Сильви догадывалась, что отчасти его радость объясняется и тем, что юношу наконец-то пригласили на протестантское моление. Он много раз спрашивал у нее, где они собираются, и явно обижался, когда она отвечала, что не вправе ему этого сказать. Хвала небесам, теперь с тайнами покончено.
Сильви не терпелось познакомить его с остальными. Она гордилась своим избранником и хотела, чтобы все увидели, какой он замечательный. Им он наверняка понравится. Оставалось надеяться, что и они придутся ему по душе.
Семейство миновало ворота Святого Жиля и на окраине города свернуло с дороги на едва различимую тропу, водившую в лес. Приблизительно в сотне ярдов от поворота, невидимые с дороги, поджидали двое коренастых парней, весь вид которых выдавал в них охранников, пусть они были без оружия.
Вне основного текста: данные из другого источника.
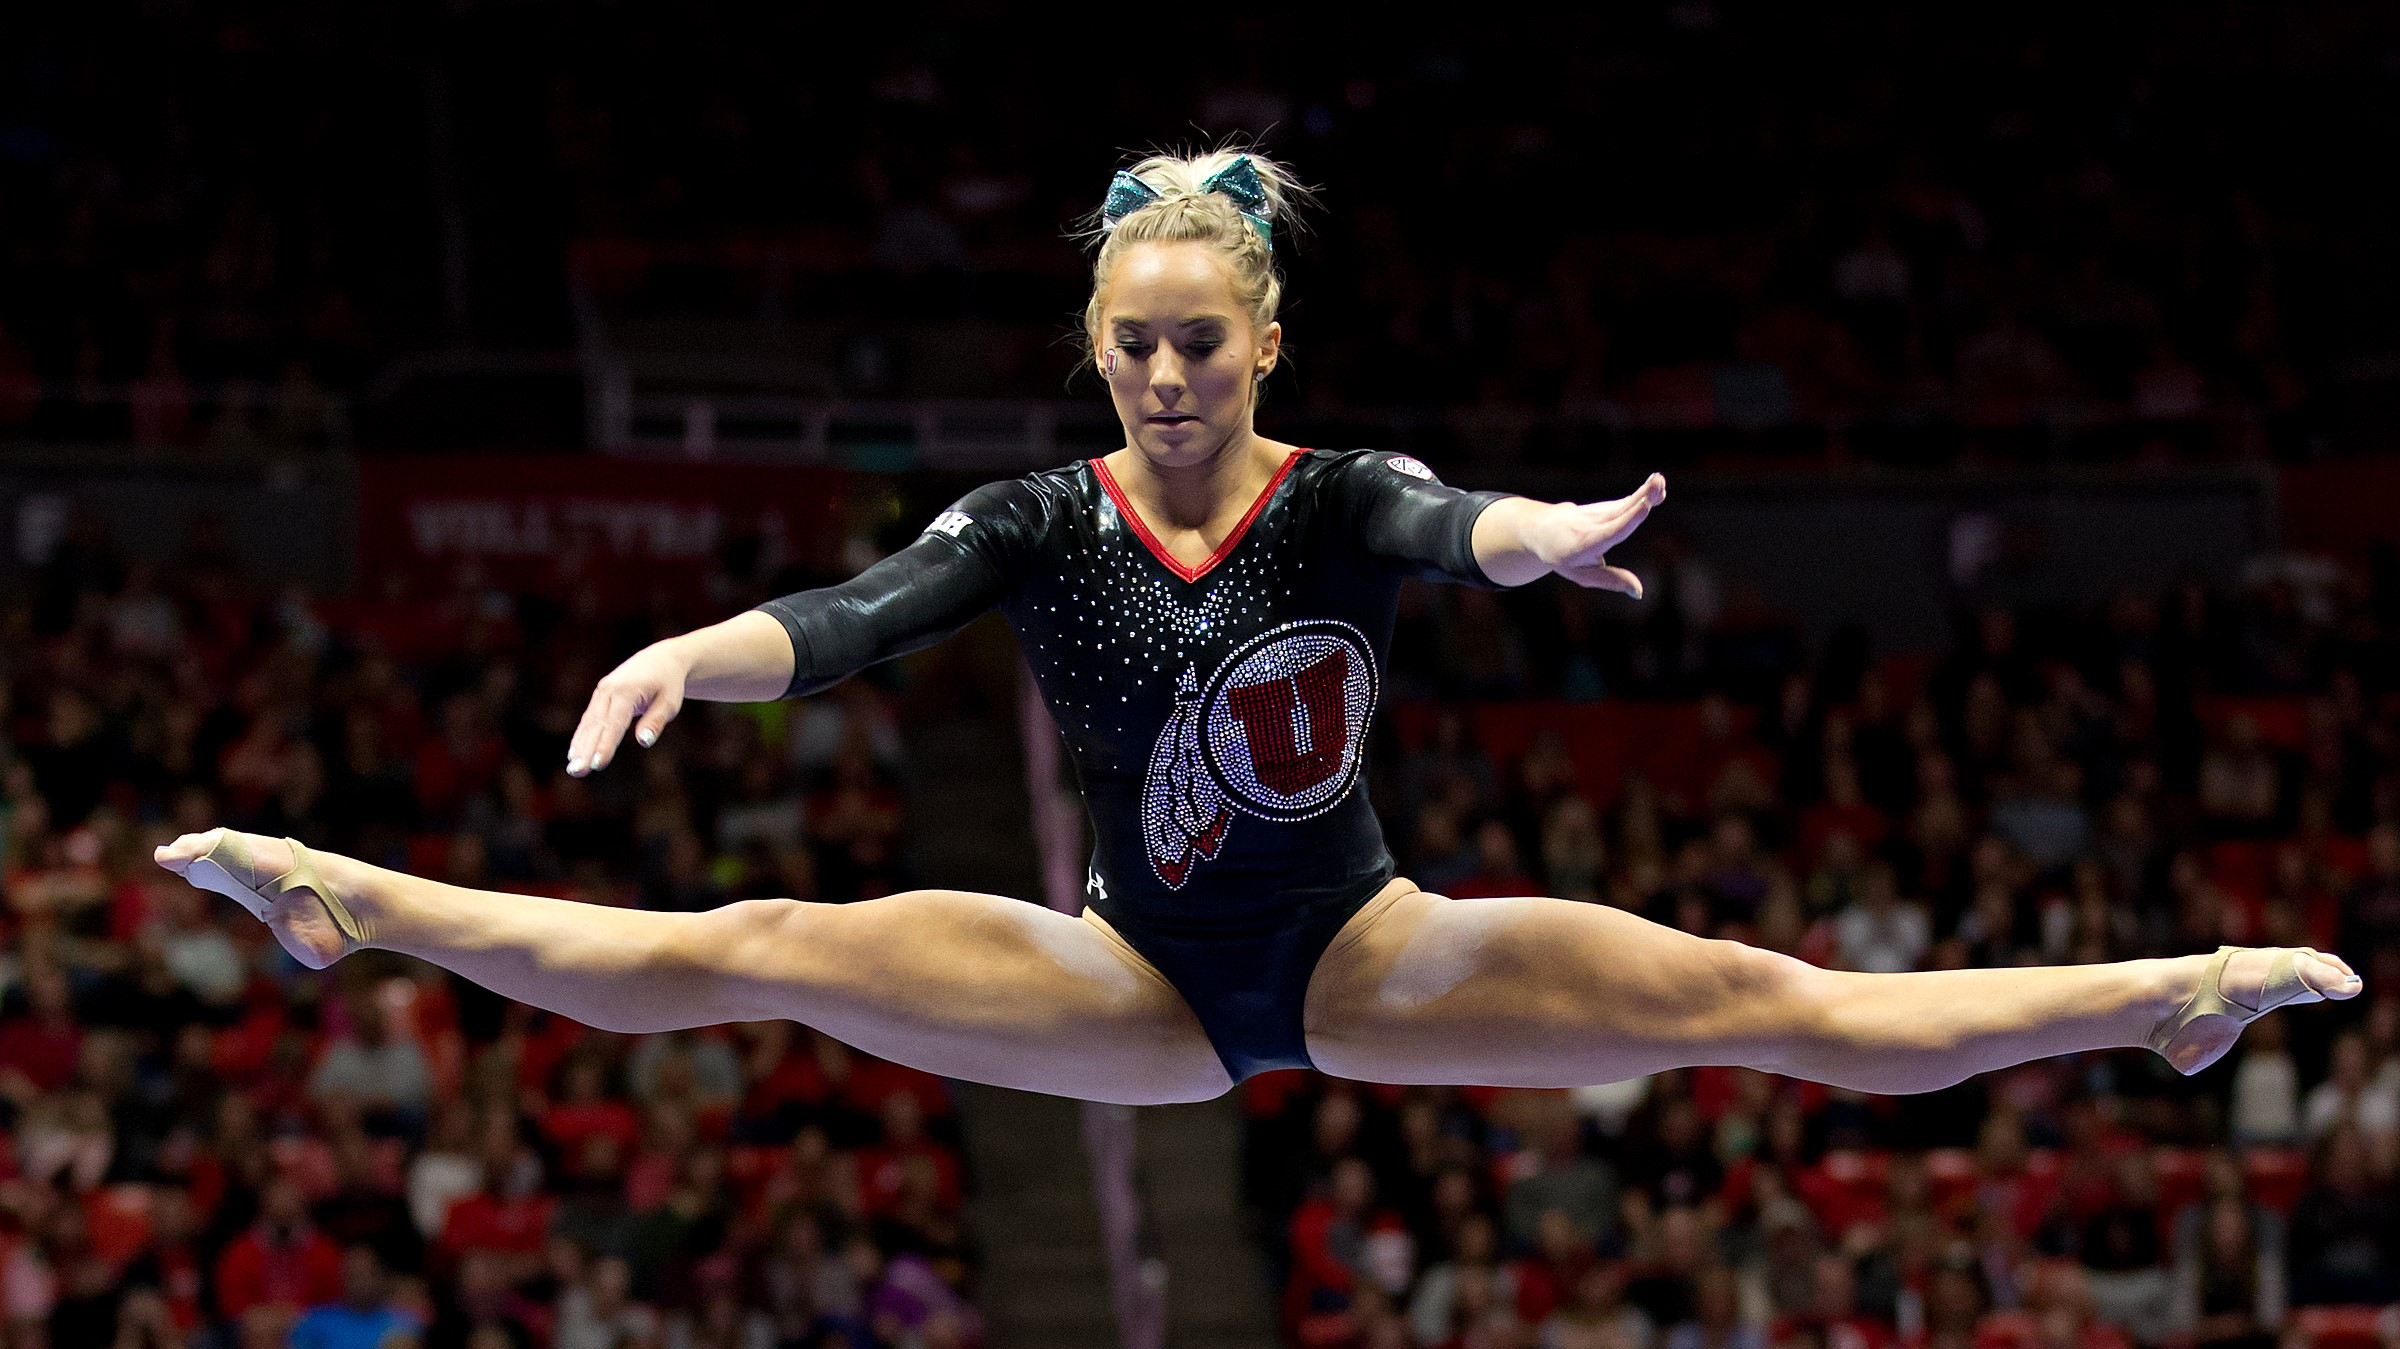 MyKayla Skinner - Gymnast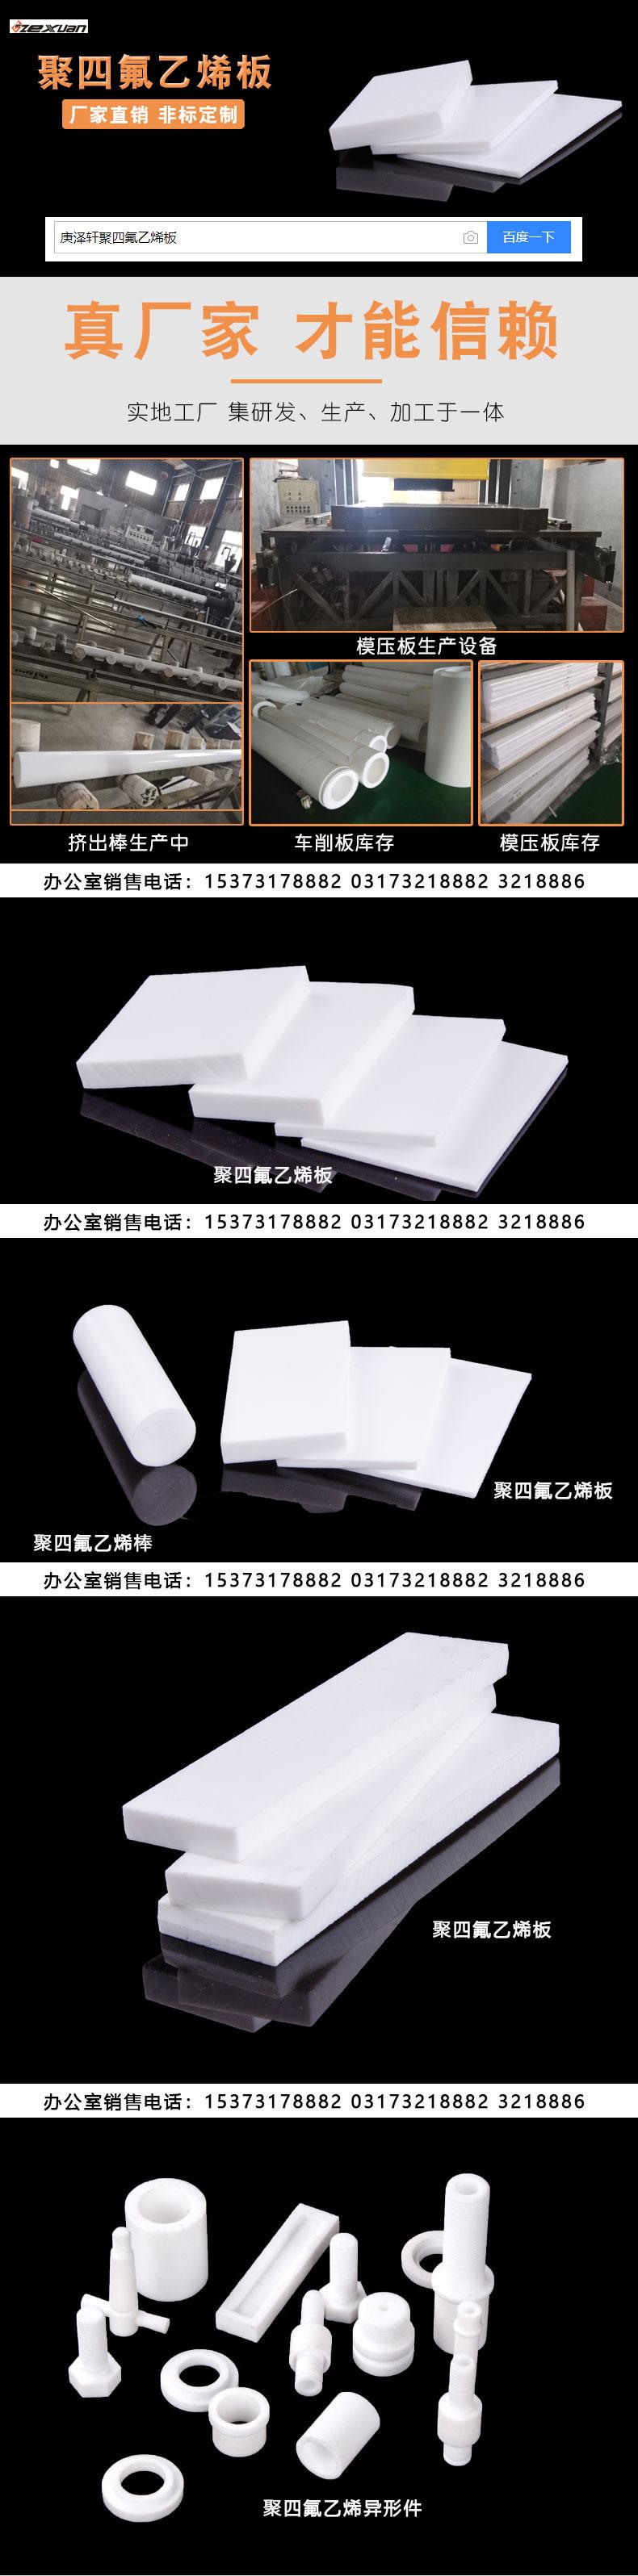 5mm聚四氟乙烯板

Жиль Пало кивнул этим парням, ткнул пальцем в Пьера и сказал:
– Он с нами.
Парни не стали никого останавливать.
– Кто это? – шепотом спросил Пьер у Сильви.
– Они заворачивают обратно всех незнакомых, – объяснила девушка. – Если кто-то случайно забредет сюда, гуляя, ему растолкуют, что тут частные владения.
– А чей это лес?
– Им владеет маркиз Нимский.
– Он что, тоже с нами?
Сильви помедлила, потом одернула себя: сама же решила, что больше никаких секретов.
– Да.
Ей было известно, что среди протестантов достаточно аристократов. Их сожгли бы на костре за еретичество, как и прочих, если бы поймали, хотя, конечно, у знатных людей больше возможностей избежать наказания благодаря могущественным друзьям.
Группа приблизилась к зданию, что выглядело как заброшенный охотничий домик. Окна внизу были прикрыты ставнями, у двери густо росли сорняки, свидетельствуя, что эту дверь не открывали много лет.
Сильви знала, что в тех немногих французских городах, где протестанты составляли большинство населения, имелись настоящие храмы, а службы проводились открыто, хоть и под охраной вооруженной стражи. Но в Париже все обстояло иначе, ибо столица была оплотом католического вероисповедания; здесь хватало людей, добывавших средства к пропитанию службой церкви и монархии. Протестантов в Париже ненавидели.
Сильви с семейством обошли здание, проникли внутрь через низенькую заднюю дверь и очутились в просторной зале, где, как подумалось Сильви, охотники раньше устраивали пышные и разгульные пиршества. Теперь в зале было тихо и царил полумрак. Поперек помещения стояли рядами скамьи и табуреты, а перед ними высился стол, накрытый белой тканью. Как заведено, на простой глиняной тарелке лежал хлеб, рядом стоял кувшин с вином. Всего в домике собралось около сотни человек.
Изабель с Жилем заняли свои места, Сильви и Пьер пристроились позади. Гийом уселся на единственный табурет перед самым столом.
– Гийом – ваш священник? – прошептал Пьер.
– Пастор, – поправила Сильви. – Он пользуется правом гостя. Наш обычный пастор – Бернар.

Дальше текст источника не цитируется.